The Bitter Aloe Project develops customized machine learning (ML) models to perform two tasks on archival materials produced by South Africa’s Truth and Reconciliation Commission; (1) named entity recognition (NER), a process that automates the recognition of persons, places, organizations and other user defined entities and (2) word embedding, which reveals deep conceptual patterns within a corpus by rendering words and sentences into comparable mathematical expressions. At present our models can correctly recognize the names individual victims and political organizations, as well as the locations and date of human rights violations and the type of violence employed by perpetrators. Users can access this data using two tools hosted on this website: the TRC v7 Dashboard, a customizable GIS data dashboard, and our Co-occurrence Network Graph which maps the correlations between individual names and organizations across tens of thousands of incident descriptions. In addition we are prototyping a sentence embedding application that allows users to utilize word embeddings to identify deep conceptual clusters and patterns of experience within those same incident descriptions. In the Spring of 2022 we will debut a suite of Youtube tutorials that will provide instruction on the basic functions of each tool.

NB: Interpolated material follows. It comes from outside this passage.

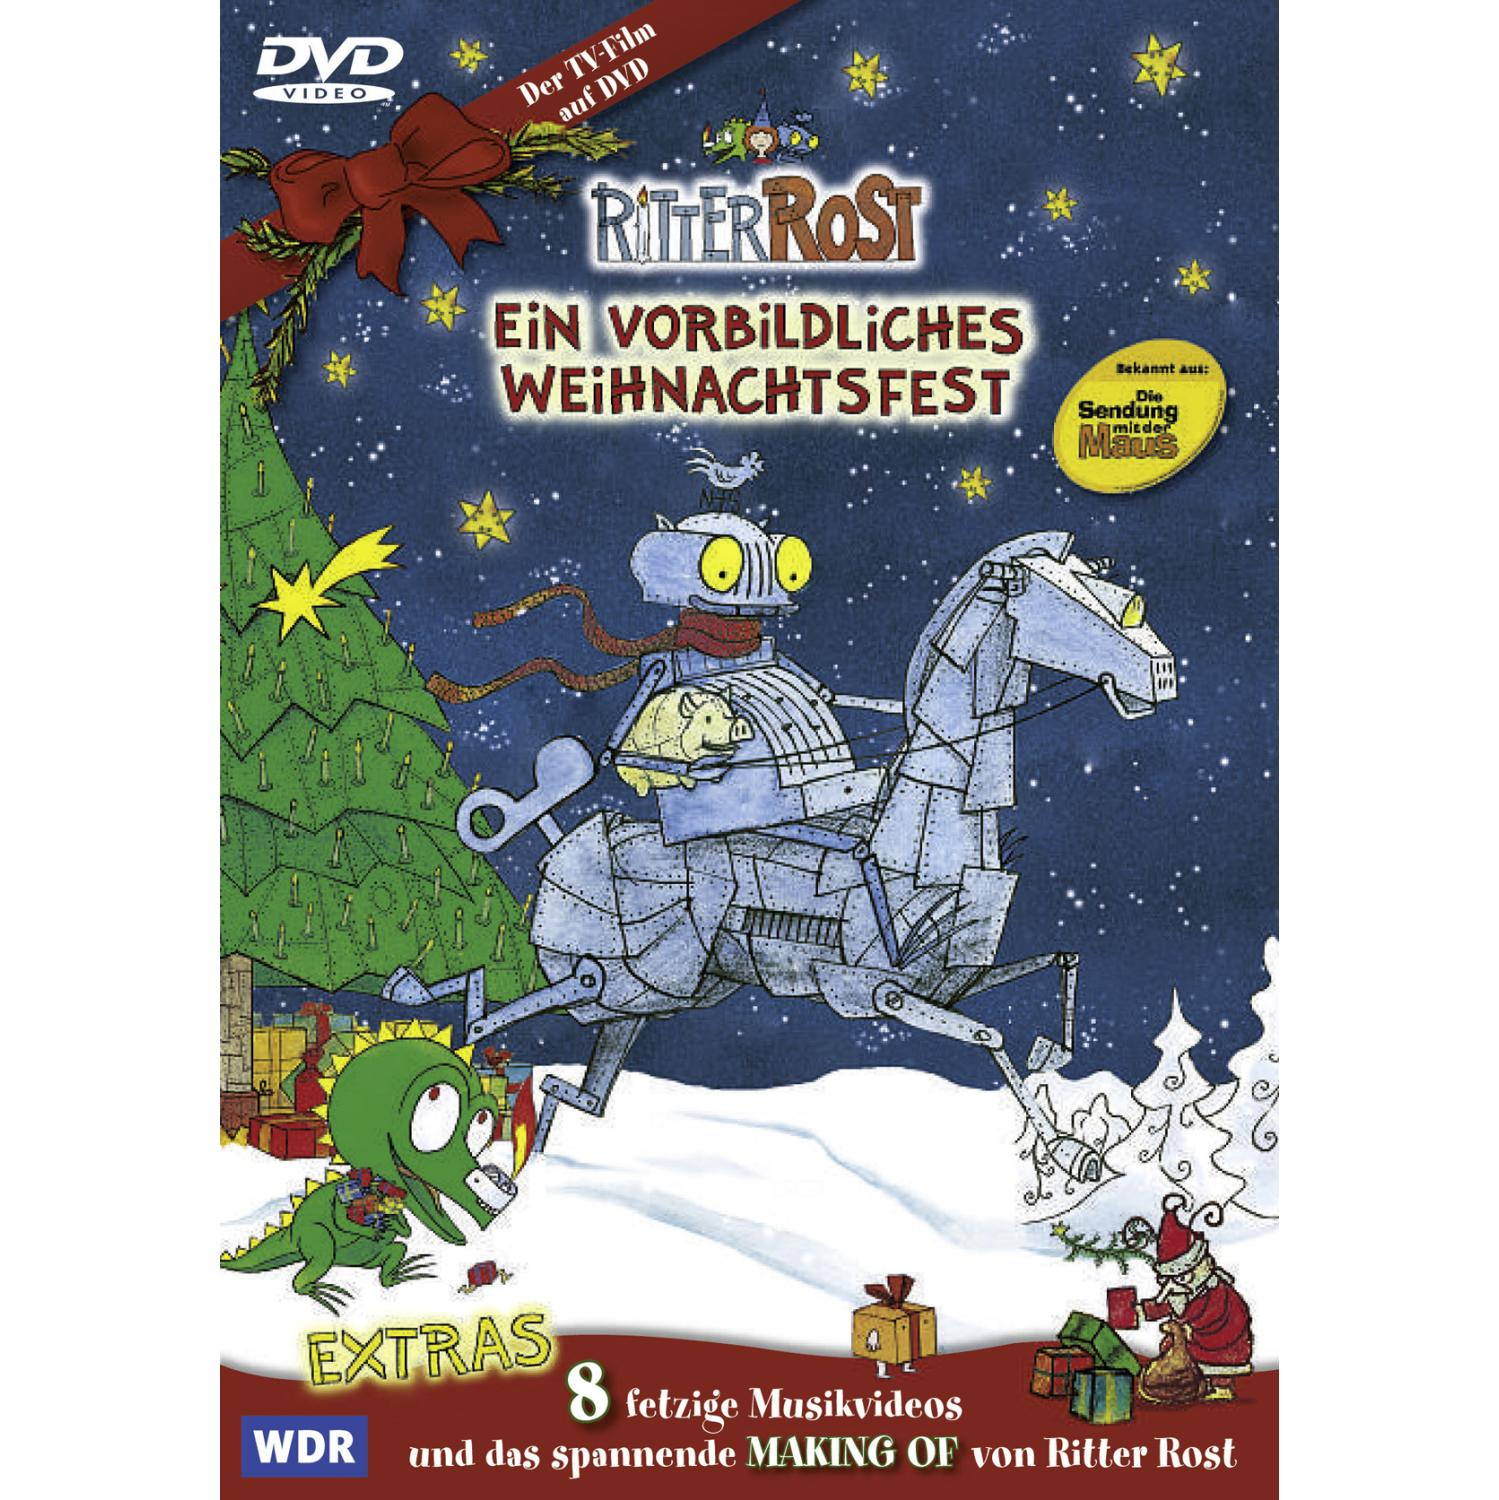 EIN DVD WEIHNACHTSFEST VORBILDLICHES
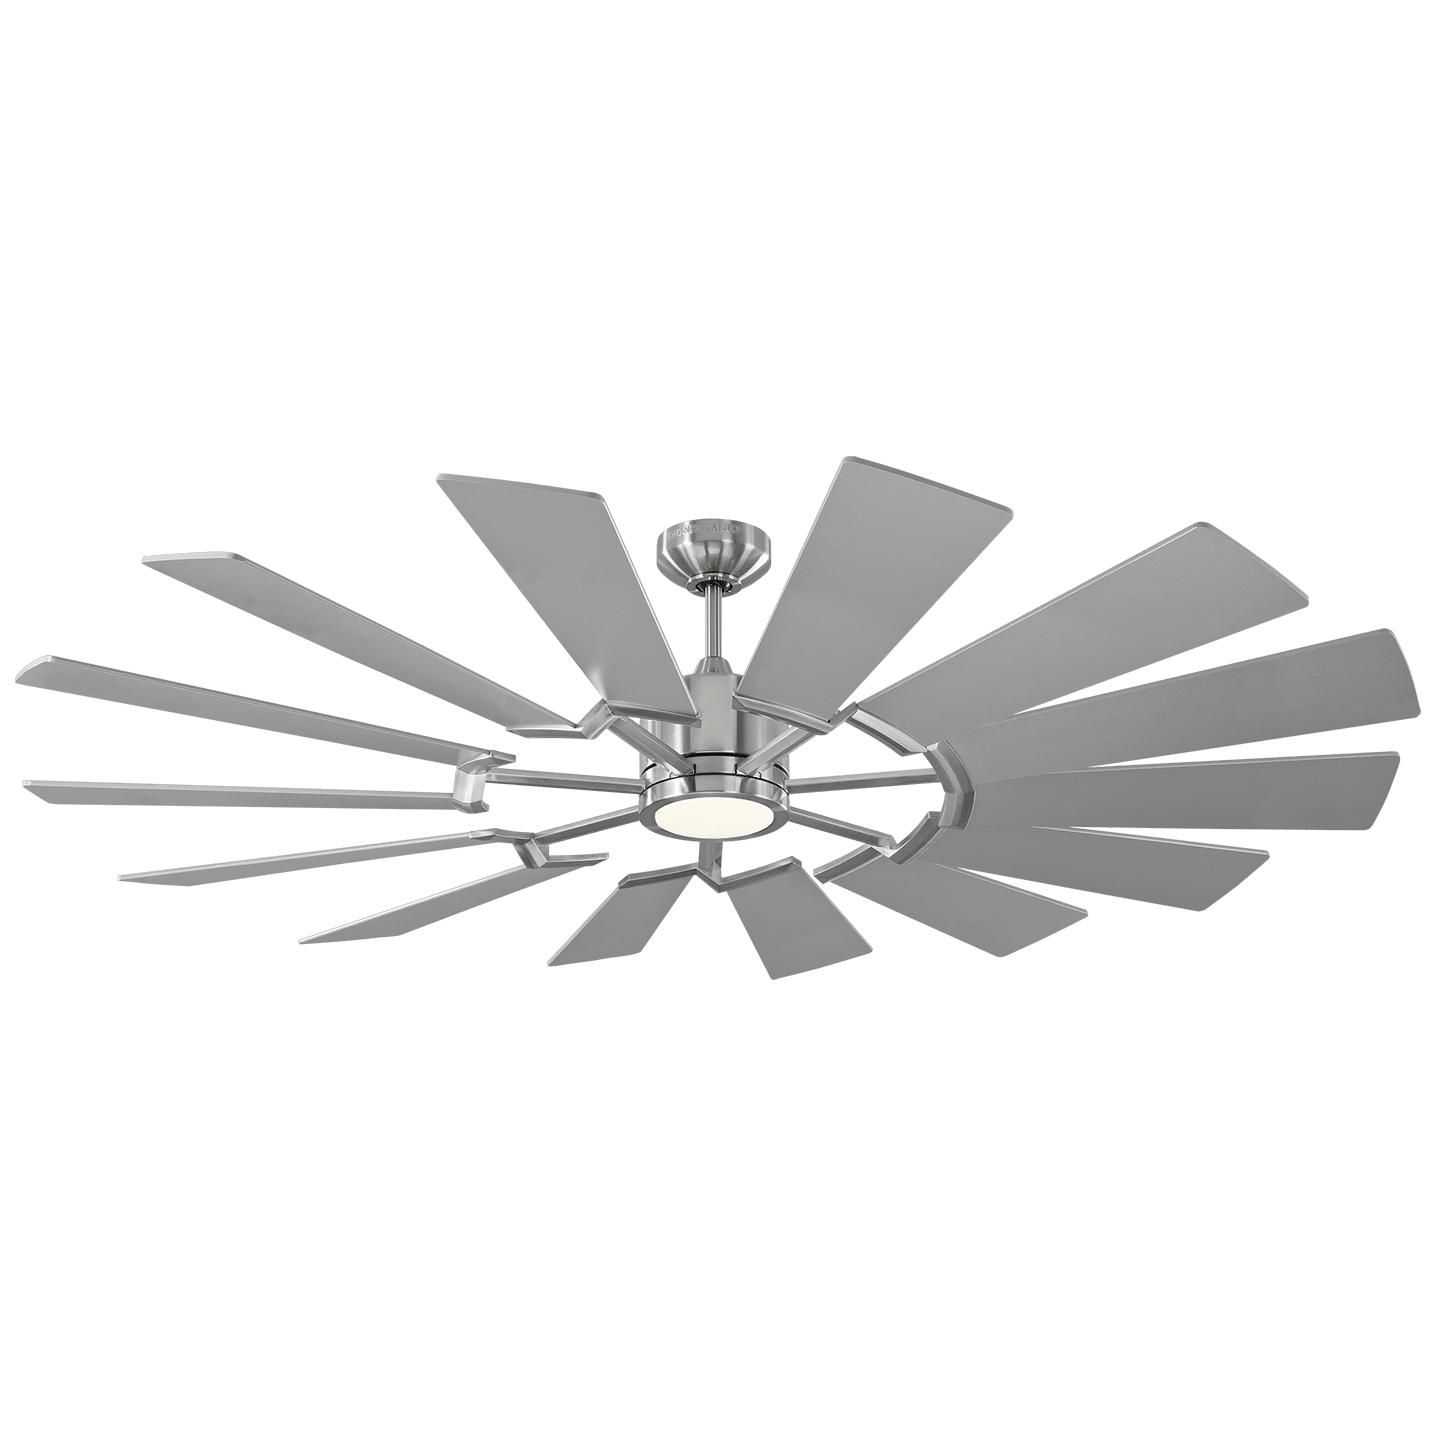 Купить Потолочный вентилятор Prairie 62" LED Ceiling Fan в интернет-магазине roooms.ru

The TRC was an ambitious attempt to create ‘as complete a picture as possible’ of human rights violations (HRVs) committed by all parties during the latter half of the apartheid era, defined as the years between 1960 and 1994. This effort was part of a broader genealogy of late 20th century truth commissions which sought to stabilize post-conflict societies on a foundation of archival truth produced through the exhaustive collection of substantial evidence and countless testimonies. What made South Africa’s TRC uniquely successful among other commissions was its emphasis on its model of restorative justice which was facilitated by a relatively novel amnesty process. This process permitted perpetrators to apply for amnesty from criminal prosecution on the condition that their actions met the criteria for politically motivated violence, and they provided full and truthful accounts of perpetrators’ actions. The amnesty process was paralleled by public victims hearing, which offered victims a forum for telling their stories, often for the first time.
The TRC, like truth commissions held elsewhere, faced a balancing act between its responsibility to document the totality of past abuses with the task of creating an archive that is both legible, navigable and extensible. This hardcoded bias toward comprehensive collection is not unique to the TRC; it is a common feature of most truth commissions, which collectively interpret post-Holocaust notions of ‘never forgetting’ as leaving no testimony behind. This impulse is understandable but, in this case, and others, it led to the unintended effect of obscuring the broad contours of mass political violence under an archival high tide of segmented narratives. This paradoxically obscured the overall totality of abuses and networks of social connections between victims and perpetrators that it sought to document, disseminate and preserve.
Although the TRC was not immune from criticism, this model nonetheless succeeded in producing a truly massive archive of material that holds the potential to provide an unparalleled window into political violence committed by all sides in a thirty-five-year conflict at a nationwide scale. The tools we have developed unlock this potential by bringing this archive in line with new definitions of public access that rely on machine learning to extract extensible structured datasets. Above and beyond the domain of human rights in South Africa, our methods also are broadly applicable to any large corpus that features multilingual testimony. The ultimate aim of our work is to better inform public debates about the past as well as open new avenues in scholarship on violence during the apartheid era.